[Material provided]

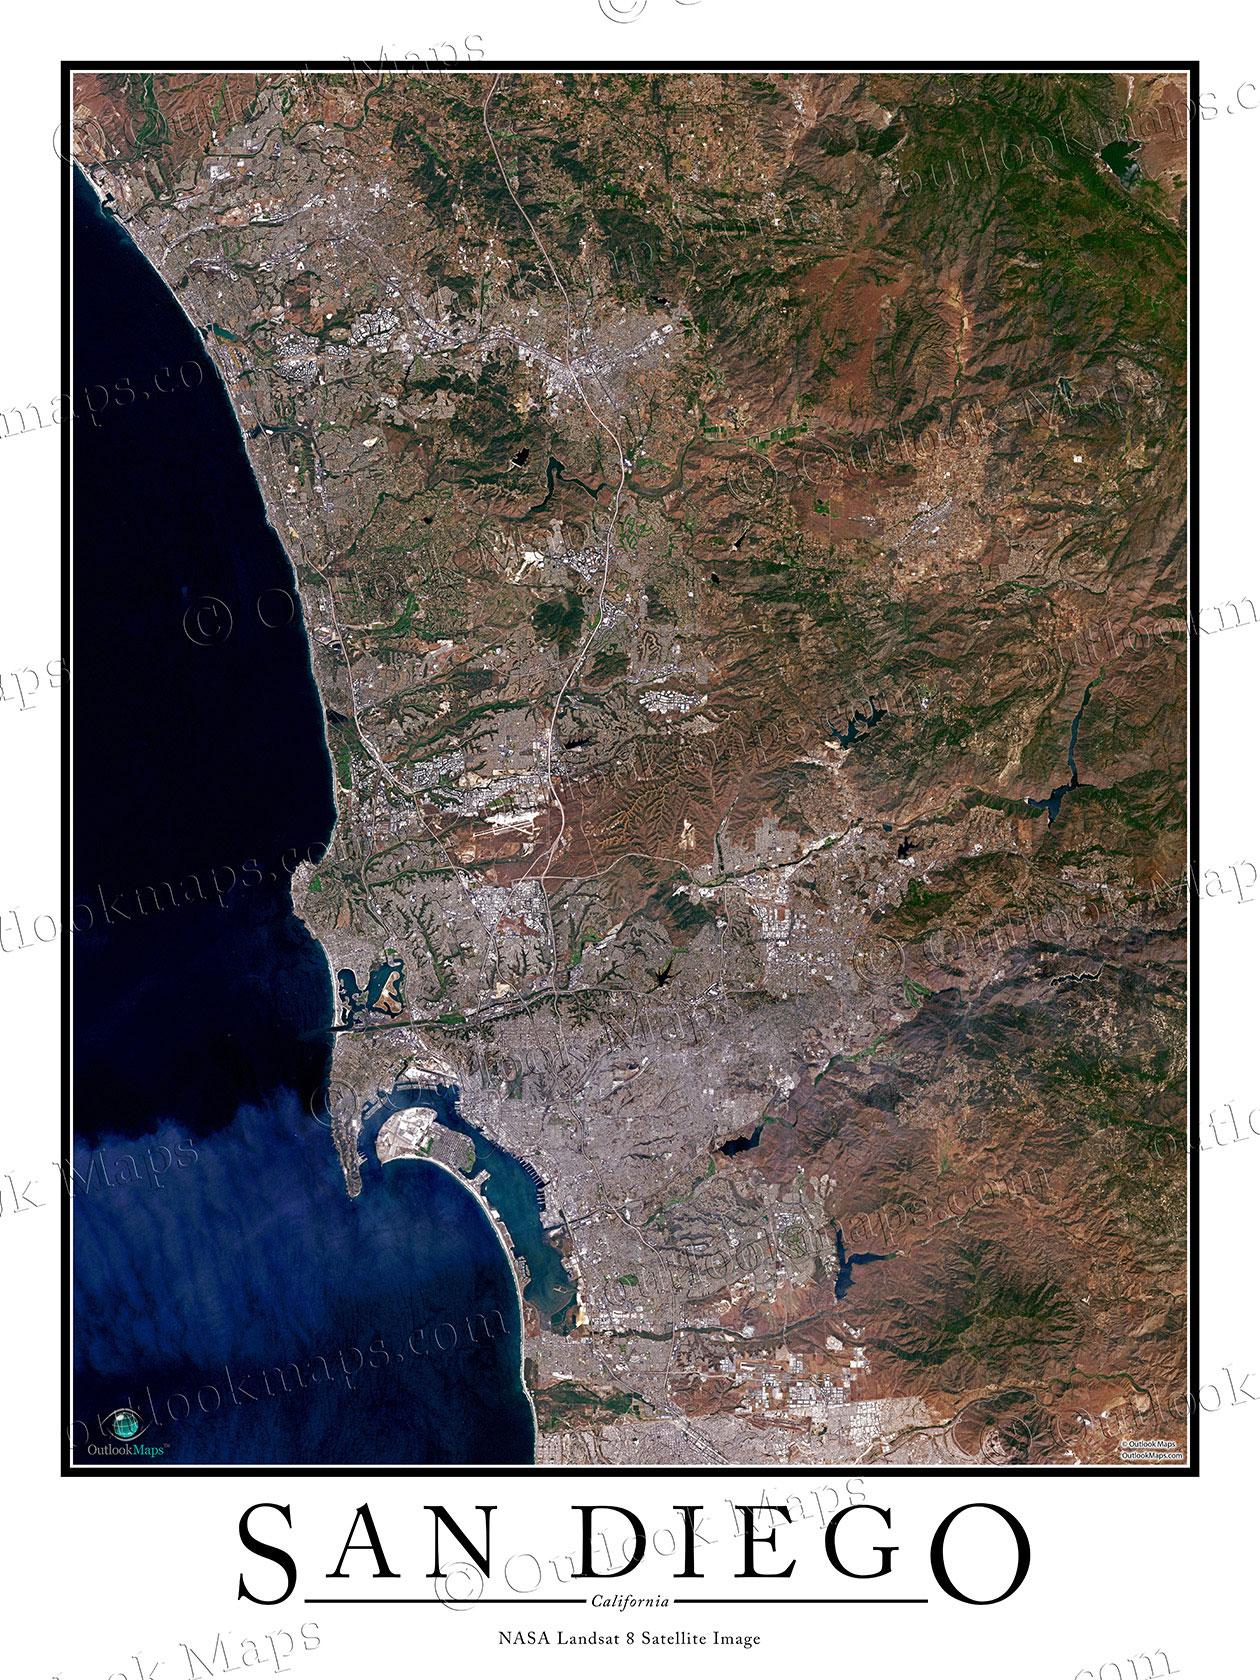 CA San Diego Camping San Diego Hostels Hiking Maps Biking San - Jo mora los angeles map
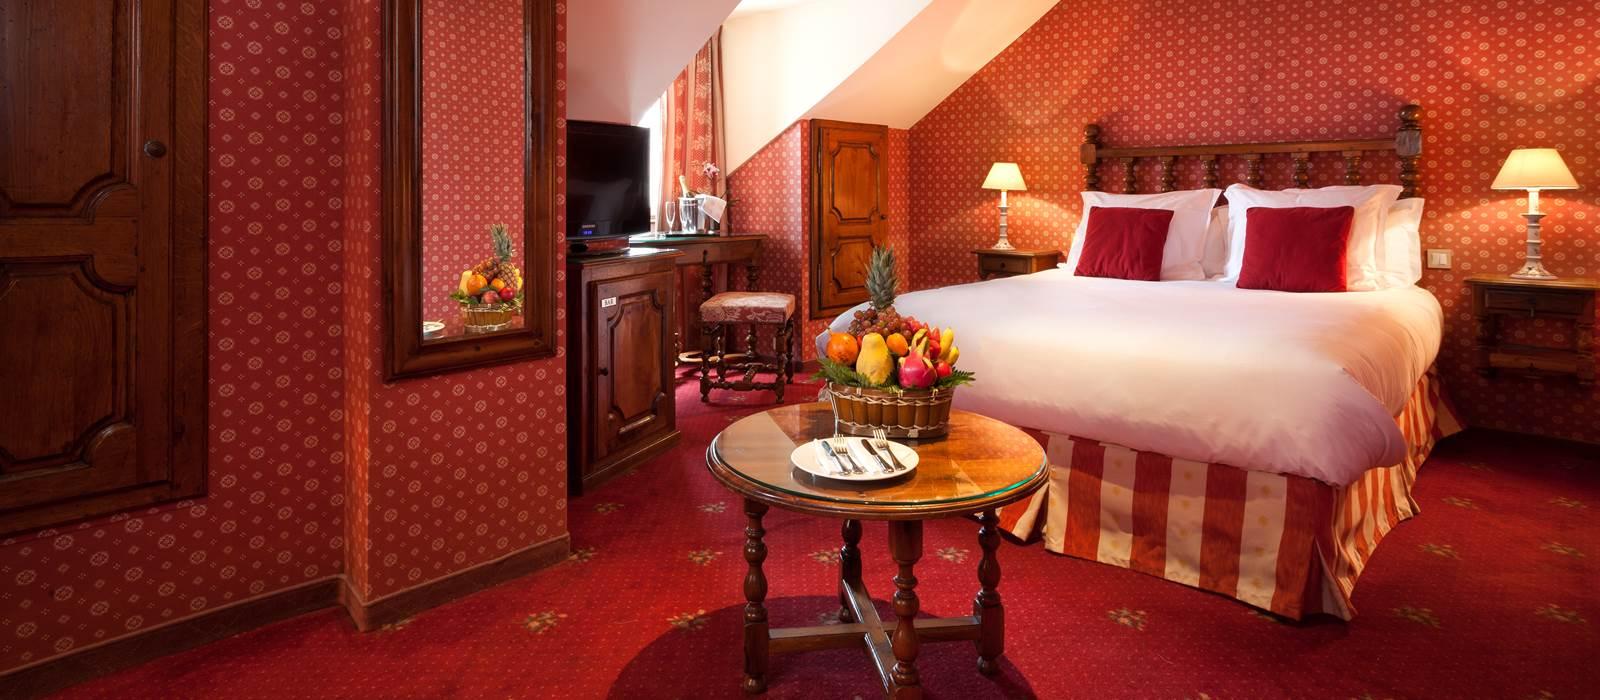 H tel amarante beau manoir jjw hotels resorts for Boutique hotel paris 8e
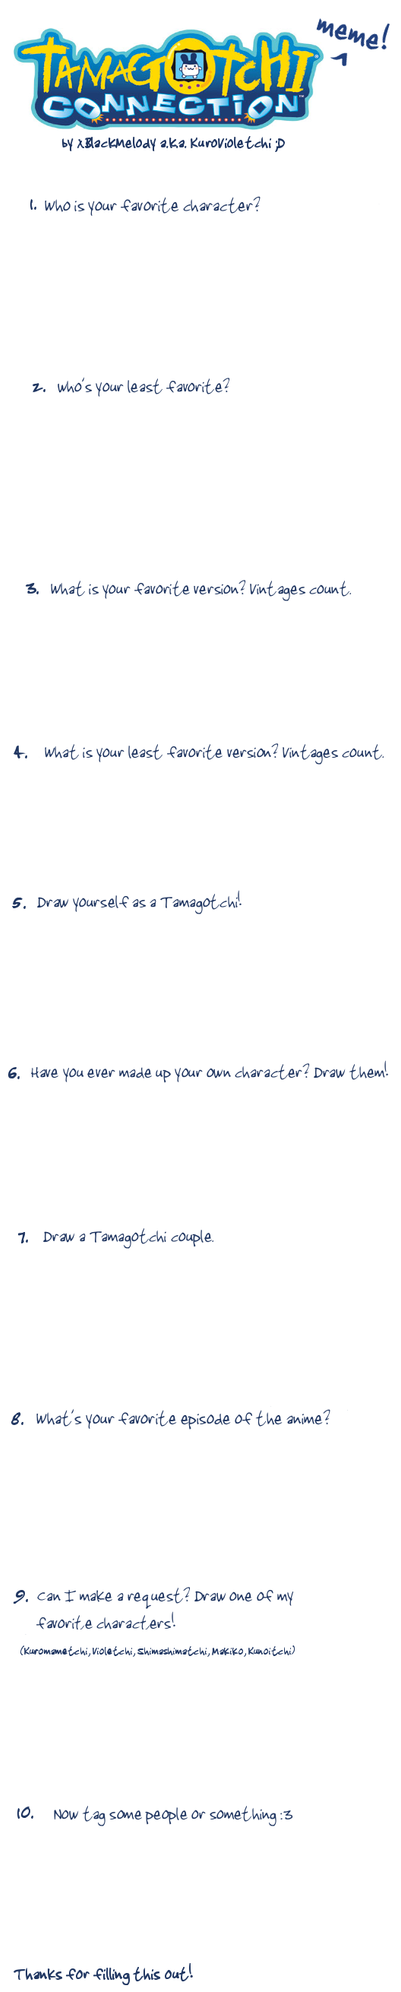 Tamagotchi Meme by xBlackMelody
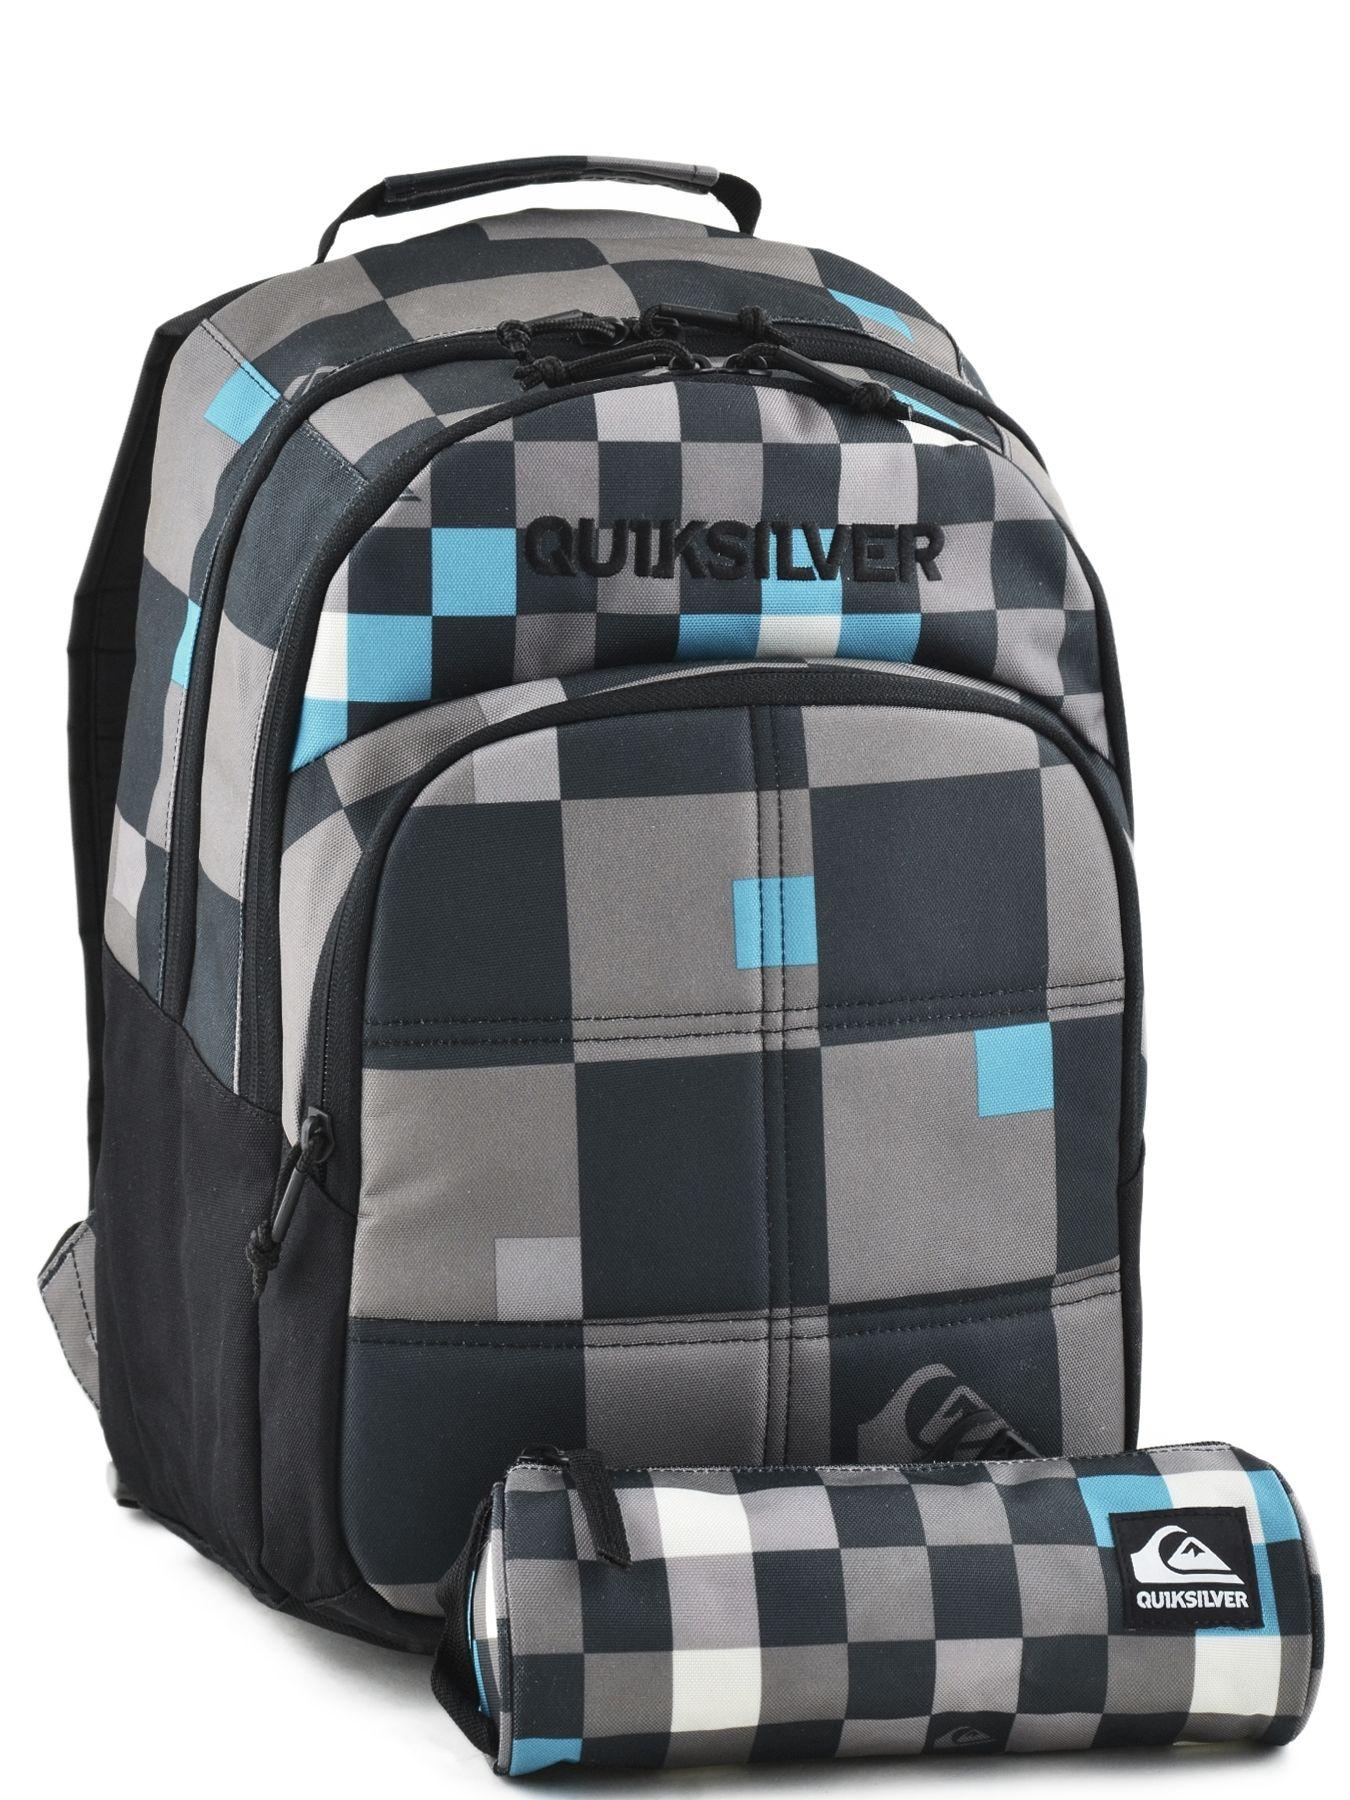 sac dos quiksilver metal backpacks eqybp043. Black Bedroom Furniture Sets. Home Design Ideas

[Action item] Restate the material word for word, minus pictures.

[The completed task]
 CA San Diego Camping San Diego Hostels Hiking Maps Biking San - Jo mora los angeles map
 H tel amarante beau manoir jjw hotels resorts for Boutique hotel paris 8e
 Tamagotchi Meme by xBlackMelody
 sac dos quiksilver metal backpacks eqybp043. Black Bedroom Furniture Sets. Home Design Ideas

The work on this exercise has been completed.